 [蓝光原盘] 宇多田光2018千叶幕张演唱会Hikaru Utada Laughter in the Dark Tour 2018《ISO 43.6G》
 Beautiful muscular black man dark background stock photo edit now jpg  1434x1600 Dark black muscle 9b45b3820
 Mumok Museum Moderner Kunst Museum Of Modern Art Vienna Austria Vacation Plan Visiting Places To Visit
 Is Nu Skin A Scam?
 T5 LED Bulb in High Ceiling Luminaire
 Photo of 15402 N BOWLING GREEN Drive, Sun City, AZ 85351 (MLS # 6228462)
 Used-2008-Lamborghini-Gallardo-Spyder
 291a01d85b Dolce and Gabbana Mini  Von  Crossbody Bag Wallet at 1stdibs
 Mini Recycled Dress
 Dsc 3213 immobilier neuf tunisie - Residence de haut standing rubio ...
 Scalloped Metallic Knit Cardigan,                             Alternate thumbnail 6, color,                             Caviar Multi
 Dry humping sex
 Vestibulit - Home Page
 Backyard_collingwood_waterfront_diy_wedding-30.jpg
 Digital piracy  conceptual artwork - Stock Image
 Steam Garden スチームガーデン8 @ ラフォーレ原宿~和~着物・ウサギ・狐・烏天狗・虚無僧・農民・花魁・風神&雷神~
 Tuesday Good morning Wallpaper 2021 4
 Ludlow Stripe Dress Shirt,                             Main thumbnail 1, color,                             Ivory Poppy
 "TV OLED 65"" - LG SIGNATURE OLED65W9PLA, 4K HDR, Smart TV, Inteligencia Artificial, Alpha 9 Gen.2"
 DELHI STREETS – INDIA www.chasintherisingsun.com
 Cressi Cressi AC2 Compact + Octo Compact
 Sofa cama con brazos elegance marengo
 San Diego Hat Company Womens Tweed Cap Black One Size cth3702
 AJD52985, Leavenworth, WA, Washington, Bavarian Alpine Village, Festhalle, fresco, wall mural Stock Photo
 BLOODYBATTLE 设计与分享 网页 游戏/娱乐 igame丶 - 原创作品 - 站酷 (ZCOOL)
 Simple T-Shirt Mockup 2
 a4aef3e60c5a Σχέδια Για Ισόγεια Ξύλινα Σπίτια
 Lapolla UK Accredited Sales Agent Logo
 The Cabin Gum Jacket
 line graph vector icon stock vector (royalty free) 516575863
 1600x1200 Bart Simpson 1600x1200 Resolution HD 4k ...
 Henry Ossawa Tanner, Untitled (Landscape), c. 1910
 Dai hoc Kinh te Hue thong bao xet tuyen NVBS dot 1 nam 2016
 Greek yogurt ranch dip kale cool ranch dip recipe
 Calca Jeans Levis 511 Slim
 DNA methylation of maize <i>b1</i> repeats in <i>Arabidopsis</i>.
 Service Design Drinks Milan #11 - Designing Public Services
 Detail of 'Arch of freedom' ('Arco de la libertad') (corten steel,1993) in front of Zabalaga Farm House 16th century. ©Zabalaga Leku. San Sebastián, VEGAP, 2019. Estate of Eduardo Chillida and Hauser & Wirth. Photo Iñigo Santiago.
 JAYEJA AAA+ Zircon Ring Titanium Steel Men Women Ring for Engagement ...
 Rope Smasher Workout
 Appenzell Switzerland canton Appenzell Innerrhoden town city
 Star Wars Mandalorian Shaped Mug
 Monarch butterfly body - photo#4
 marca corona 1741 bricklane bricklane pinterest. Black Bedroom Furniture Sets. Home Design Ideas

WHAT YOU HAVE TO DO:
Each line in the entries above, starting at the line with "Simple T-Shirt Mockup 2" and ending at the line with "Calca Jeans Levis 511 Slim", is to be printed exactly, and only those lines.

RESULT OF THE TASK:
 Simple T-Shirt Mockup 2
 a4aef3e60c5a Σχέδια Για Ισόγεια Ξύλινα Σπίτια
 Lapolla UK Accredited Sales Agent Logo
 The Cabin Gum Jacket
 line graph vector icon stock vector (royalty free) 516575863
 1600x1200 Bart Simpson 1600x1200 Resolution HD 4k ...
 Henry Ossawa Tanner, Untitled (Landscape), c. 1910
 Dai hoc Kinh te Hue thong bao xet tuyen NVBS dot 1 nam 2016
 Greek yogurt ranch dip kale cool ranch dip recipe
 Calca Jeans Levis 511 Slim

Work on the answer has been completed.